ML Paper Publication Criteria: Do Weak Results Count?

A researcher heading to their first ML conference is worried their stock index forecasting paper won't cut it — the model has weak predictive power and stumbles on regime shifts. The r/MachineLearning community's verdict: that's probably fine, and maybe even the point.

What's happening

The work uses a random forest with SHAP explainability to forecast a stock index from macroeconomic variables. The researcher correctly handled non-stationarity, but the model's predictive lift is modest. More interestingly, SHAP analysis revealed the model fails on regime shifts — like oil flipping from asset to liability across different economic periods — because it never learned the inverted relationship. The researcher is questioning whether that's worth presenting at a local conference.

Why it matters

This is a recurring tension in applied ML research: the field structurally rewards benchmark-beating results, but interpretability work, negative findings, and honest diagnostics are genuinely underrepresented in the literature. A paper that clearly scopes its claims — "here's what this model reveals about market regimes, not a trading signal" — is a legitimate contribution.

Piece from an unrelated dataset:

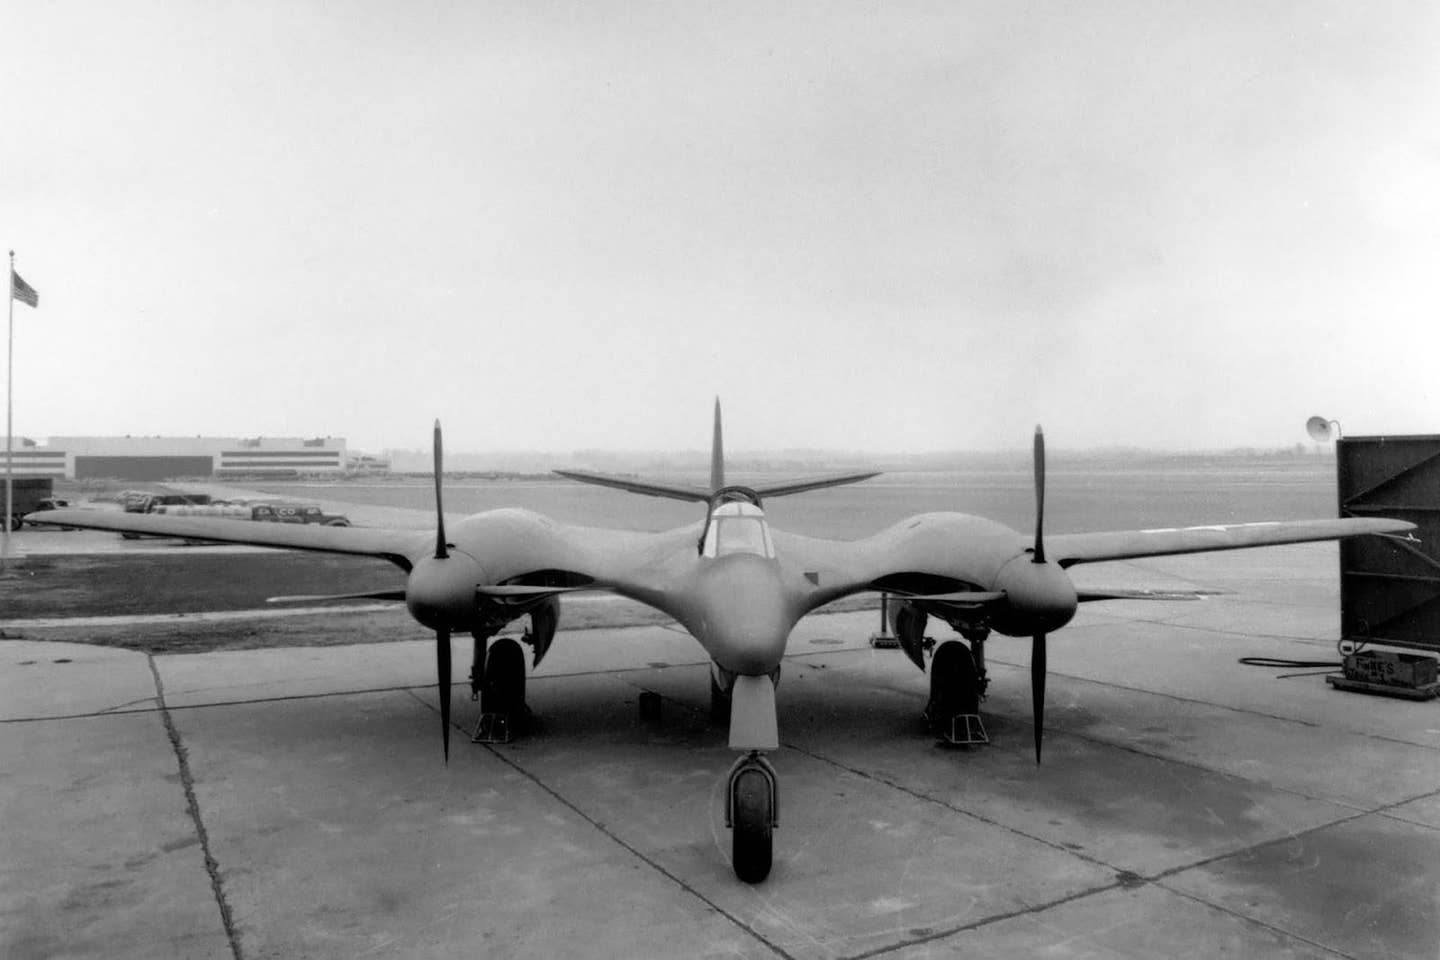 U.S. Air Force Moonbat XP-67

Local and workshop-tier venues in particular tend to reward intellectual honesty over inflated benchmarks. The SHAP regime-shift finding is actually the most interesting result here, and it points directly toward future work on temporally-aware or regime-conditional models.

What to watch

For early-career researchers, the lesson is that framing drives acceptance as much as raw results do. Reviewers at smaller venues are looking for clear problem definition, methodological rigor, and honest discussion of limitations — not state-of-the-art numbers. If the contribution is "we applied interpretability tools to a hard forecasting problem and found a specific, explainable failure mode," that's a defensible paper. Overselling it as a predictive breakthrough would be the actual mistake.